The answer is contained in the question. Sort of. A concept device like Alienware's UFO or Intel's Horseshoe Bend isn't supposed trying to sell itself. It's trying to sell a wider story about the company that made it - that's part what makes it so refreshing. Especially as a journalist who writes a lot about consumer tech.
These days, there's a lot of overlap in what all the big tech companies are all trying to do. Everyone wants to be an ecosystem. Everyone is sticking the same best-in-class Qualcomm or Intel processor inside their latest product. And for all the delights of events like CES, that homogeneity is proudly on display for the world to see.
Concept products are a fun way to break out of that box. They're fun to write about and I suspect they're probably pretty fun to build.
Fundamentally, concept products are a power move. They're a chance to show off. A glimpse into the world where the engineers, designers and talent at these companies are unshackled from the profit motive and told to make something cool or something that's never been done before rather than something that has to appeal to the most lucrative market segments.
An example: Dell refreshed its XPS and Latitude laptop lineups at this year's CES. For them, as a business, that's a very important move that they need to make. Those product portfolios account for an enormous amount of the company's revenues.
The concept tech on show at this year's CES serves a very different purpose. Whether we're talking about intel's Horseshoe Bend, Dell's Alienware UFO or Sony's Vision-S electric car, they're all trying to do the same thing: sell you on the possibility of the future without committing to building it. They tell stories that infect and incite your imagination. They're an addictive illusion. The consumer tech equivalent of an E3 on-stage demo and a vertical slice of what-could-be.
What's not to love?
Back to the future
Like I said before - going hands-on with concept products and prototypes is one of the best parts of covering international events like CES. Sure, it's physically exhausting, mentally-draining and takes a dumb amount of work to find order within the crowds and chaos of the world's biggest consumer electronics tradeshow but it always feels worth it when you get the chance to go hands-on with something that might never again be on display.
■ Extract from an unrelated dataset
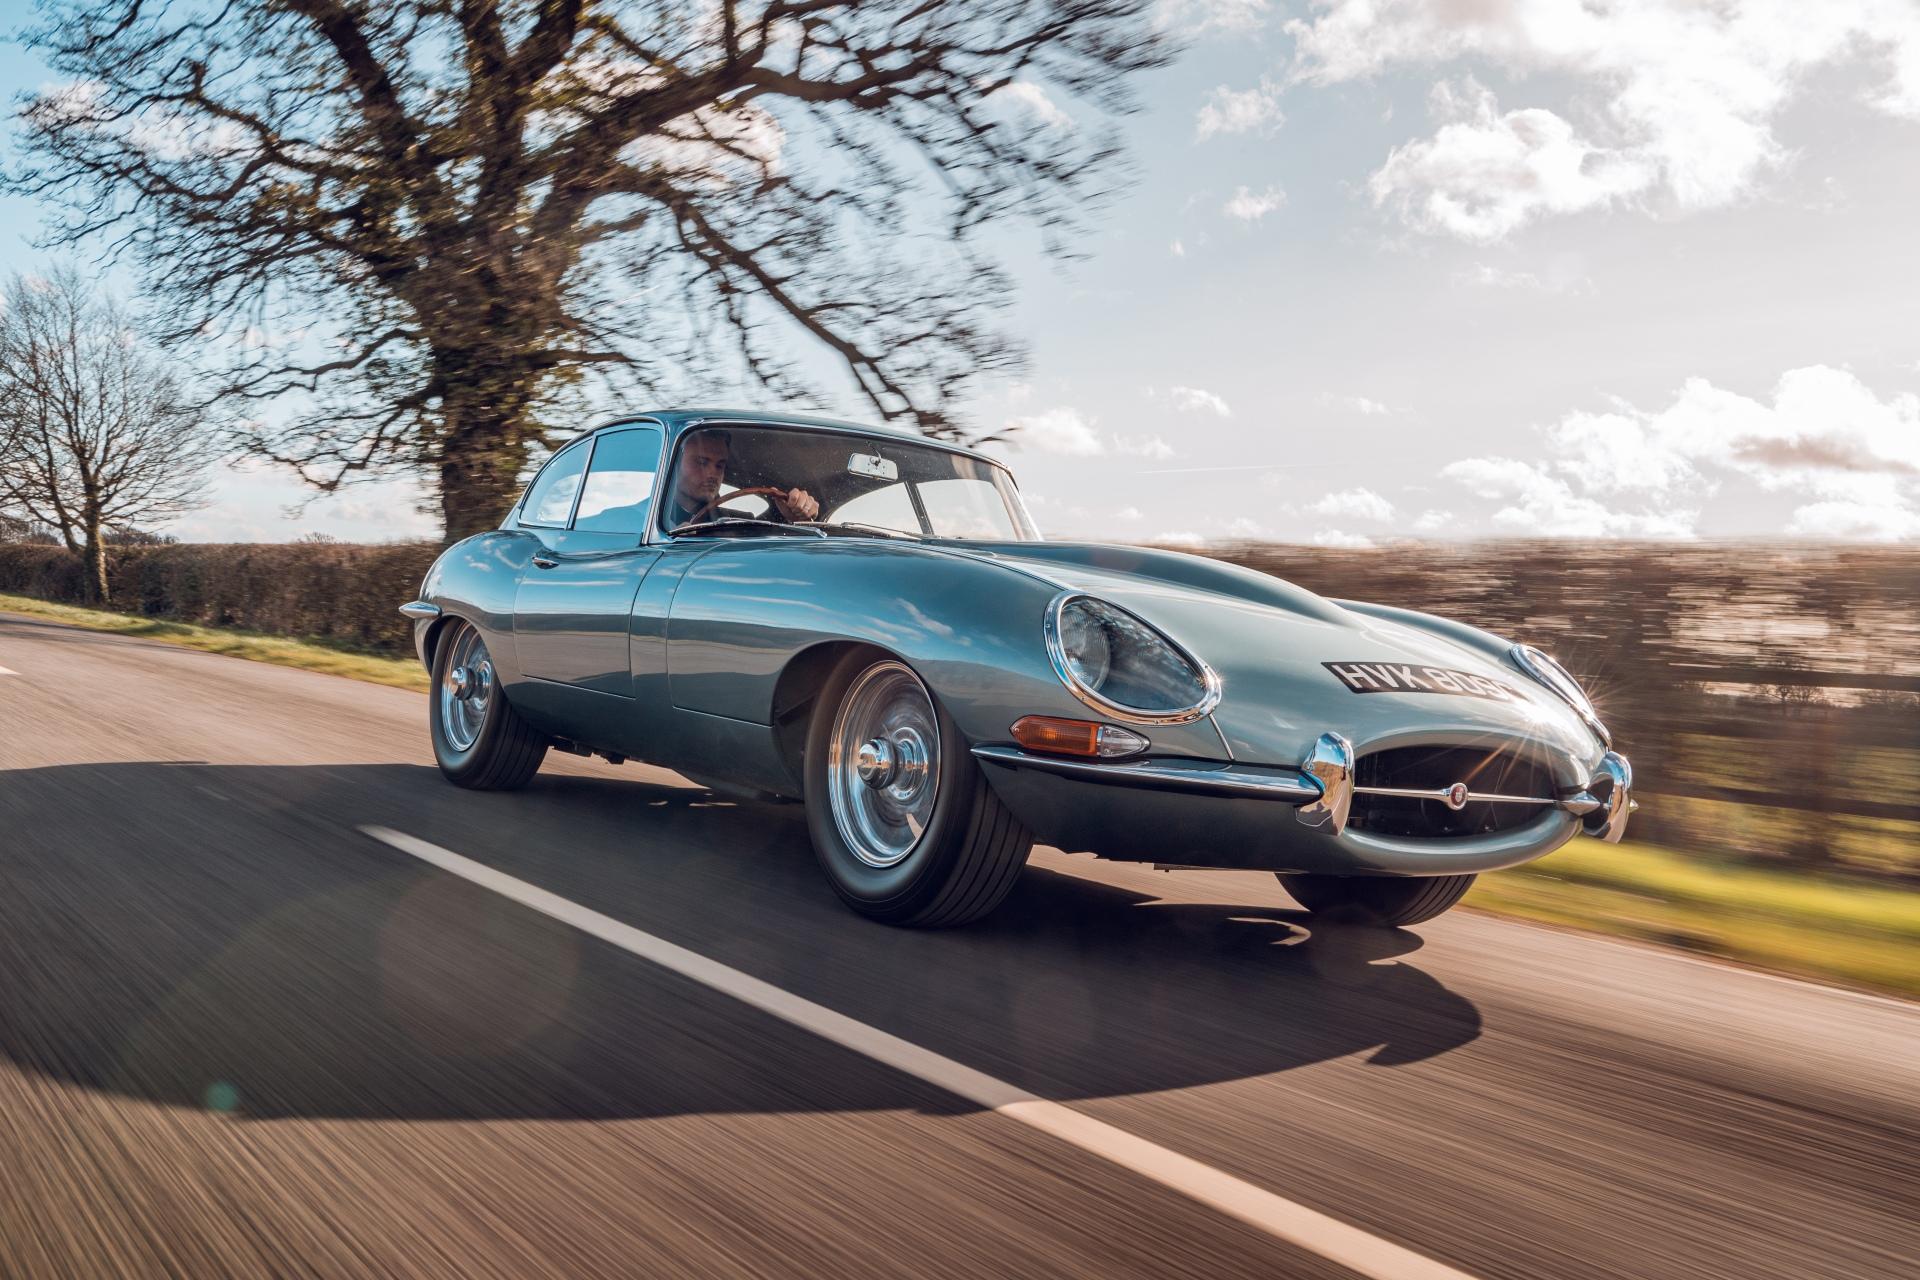 Jaguar E-Type Reborn 1965 Series 1 4.2 driving

The last thing I want at CES is to break something like Intel's Horseshoe Bend.
And, the good news is, I didn't. At least, that's what Intel tell me.
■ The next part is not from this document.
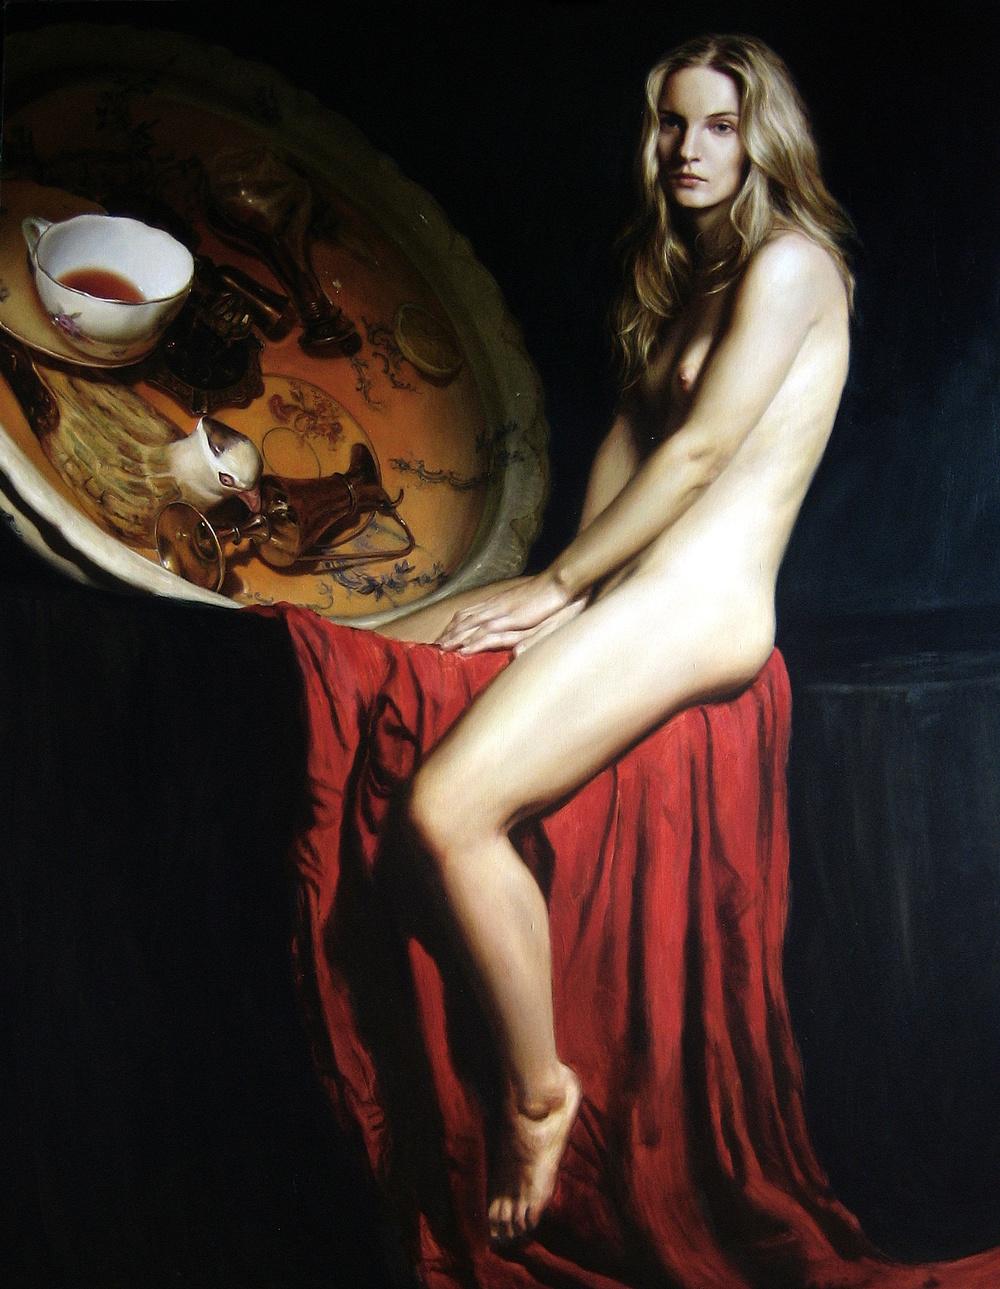 140 x 110 cmOil on canvas 2015

I returned to the booth a few hours after my initial encounter with the Horseshoe Bend to find the device more-or-less as functional as it was in the morning. The demo rep handling the evening crowd didn't seem particularly keen on letting journalists fold the device for themselves but the unit was otherwise-working.
Later, following up with Intel, I'm told that I did not break the device but just happened to accidentally trigger a hard reset button which knocked the Horseshoe Bend unit out of commission for a few minutes. If you're a little unsatisfied with that explanation, you're not the only one. Still, it's the one I ended up with and, personally, it's a lot lighter on my conscience.
CES only lasts a week or so but my memories of sort-of breaking Intel's Horseshoe will endure.
If I had actually broken Intel's fancy foldable concept PC, I'd genuinely feel really bad. I'd have been That Guy. I'd have ruined it for everyone. Concept devices like the Horseshoe Bend aren't designed to last. They're designed to dazzle.
Disclosure - our coverage of CES 2020 was sponsored by Intel and Dell, who covered the cost of our flights to the US and our accommodation for the duration of our stay in Las Vegas.